Former South African president Nelson Mandela remains in a critical condition in hospital.

"Doctors are doing everything possible to ensure his wellbeing and comfort," President Jaco Zuma told a news conference in Johannesburg.

He declined to answer specific questions about Mr Mandela's condition, saying he had no further information.

Mr Mandela is being treated for a recurrence of a lung infection.

Last night was the first time the word critical was used by the South African government in describing his health.

Mr Zuma broke the news after visiting Mr Mandela in hospital yesterday evening.

He was told by doctors "that the former president's condition had become critical over the past 24 hours".

Mr Zuma said the 94-year-old anti-apartheid icon was "in good hands".

Mr Zuma last night met Graca Machel, Mr Mandela's wife, at the hospital in Pretoria and discussed the former leader's condition.

Presidential spokesman Mac Maharaj said the Mandela family is going through a stressful time.

He said: "We want to assure the public that doctors are working away to try and get his condition to improve. Let us keep our fingers crossed.

"Let's hope that he is able to improve, but at the same time let us appreciate that it is critical."

Mr Mandela has suffered repeated bouts of illness in recent months and has been admitted to hospital four times since December.

He has been in intensive care since he was last admitted to hospital on 8 June.

Mr Mandela's daughter Makaziwe said the family was taking each day as it came and enjoying as much time as possible with a man who, to them, is simply a father, grandfather or great-grandfather.

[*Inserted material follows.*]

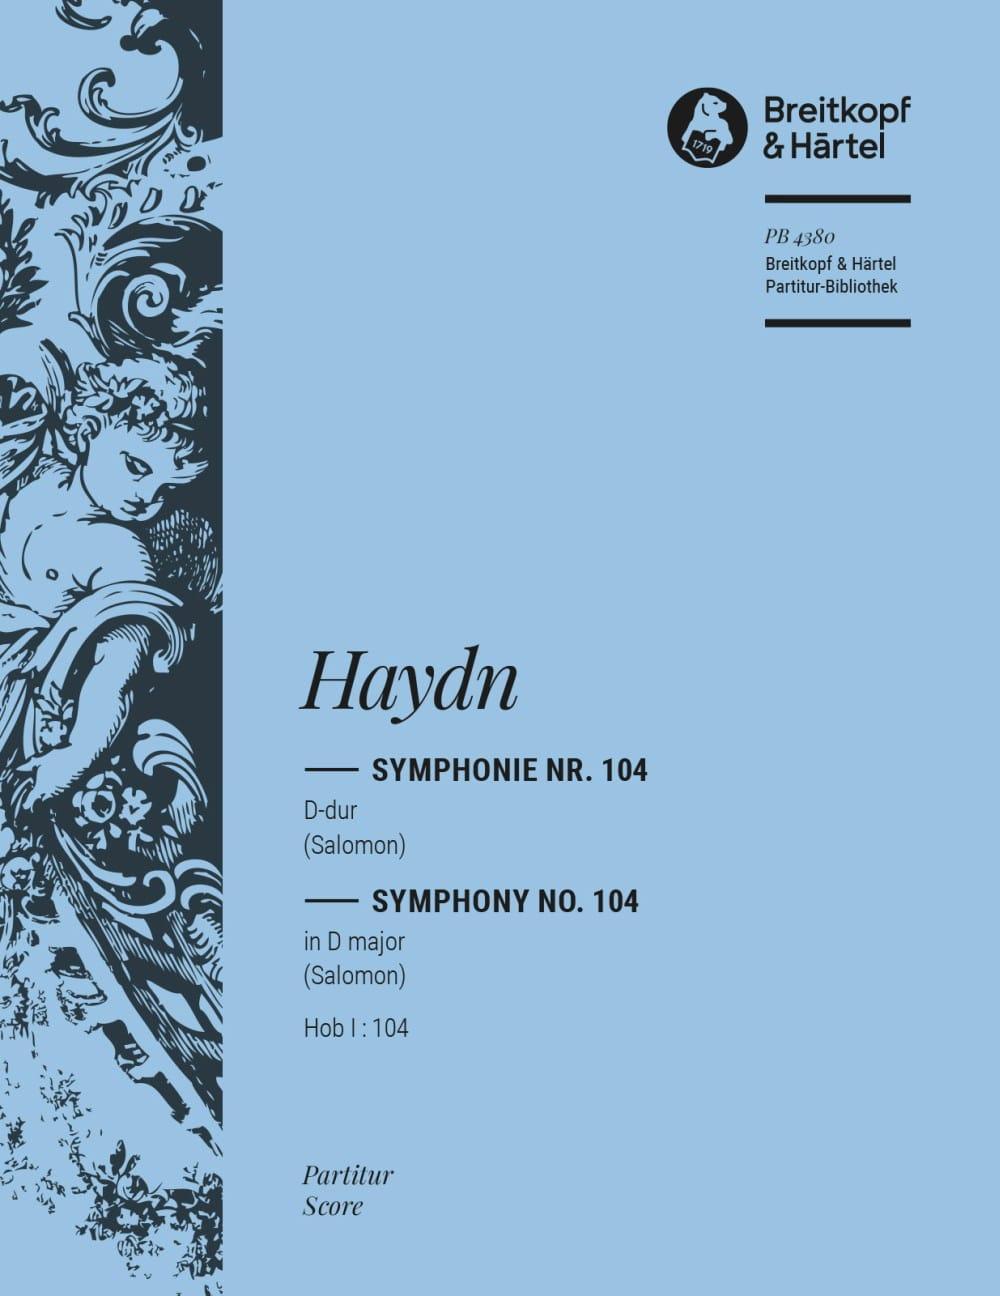 Symphonie D-Dur Hob 1 : 104 - Partitur - HAYDN - laflutedepan.com
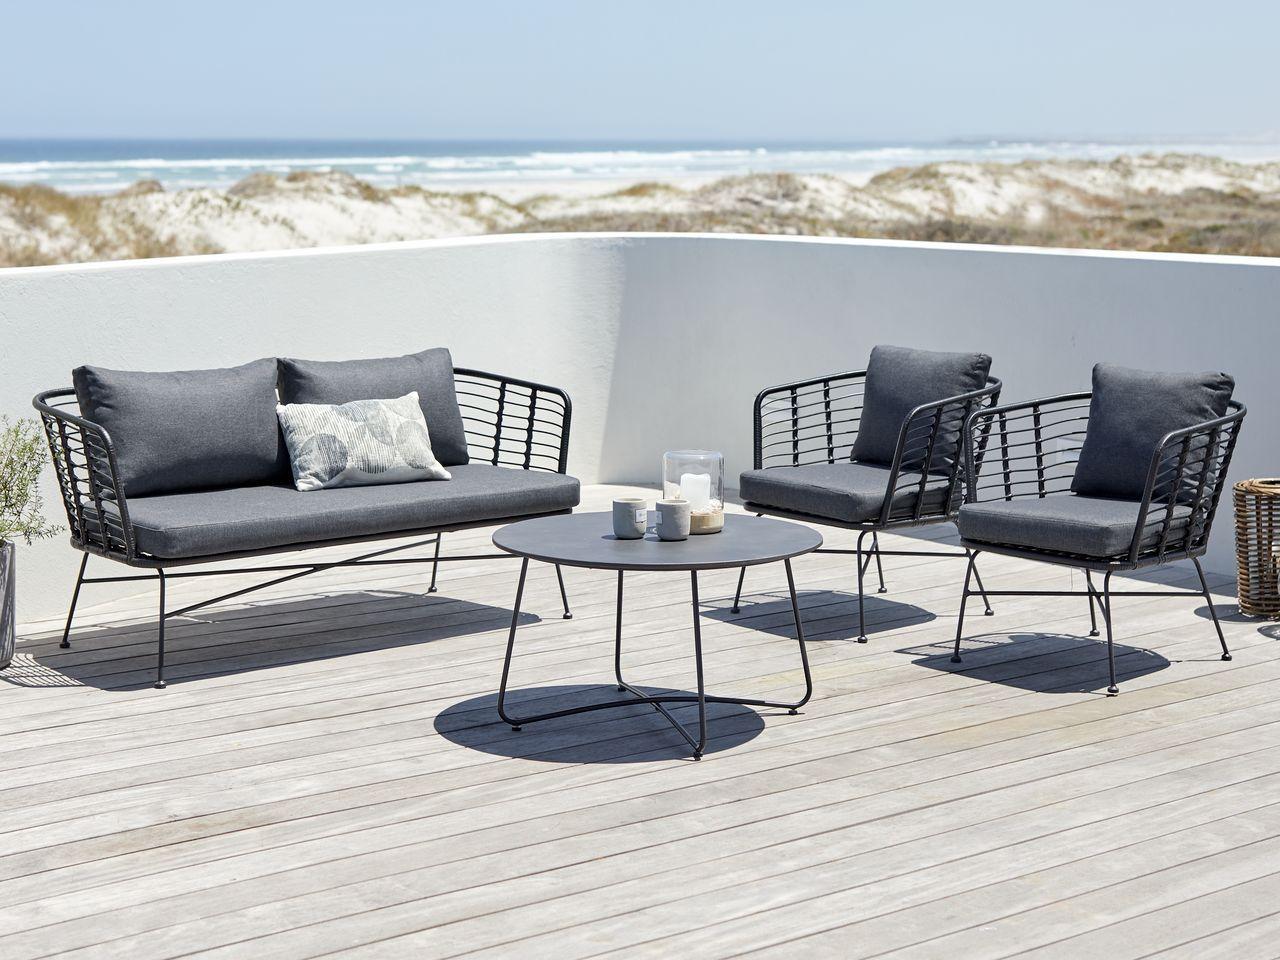 Sohvaryhma Antarktika 4 5 Istut Musta Jysk Outdoor Furniture Sets Lounge Furniture Luxury Cushions

"He is at peace with himself," she told CNN. "He has given so much to the world. I believe he is at peace."

Since stepping down in 1999 after one term as president, Mr Mandela has stayed out of active politics.

His last public appearance was waving to fans from the back of a golf cart before the final of the soccer World Cup in Johannesburg's Soccer City stadium in July 2010.

During his retirement, he has divided his time between his home in the wealthy Johannesburg suburb of Houghton, and Qunu, the village in the poor Eastern Cape province where he was born.

The public's last glimpse of him was a brief clip aired by state television in April during a visit to his home by Mr Zuma and other senior ANC officials.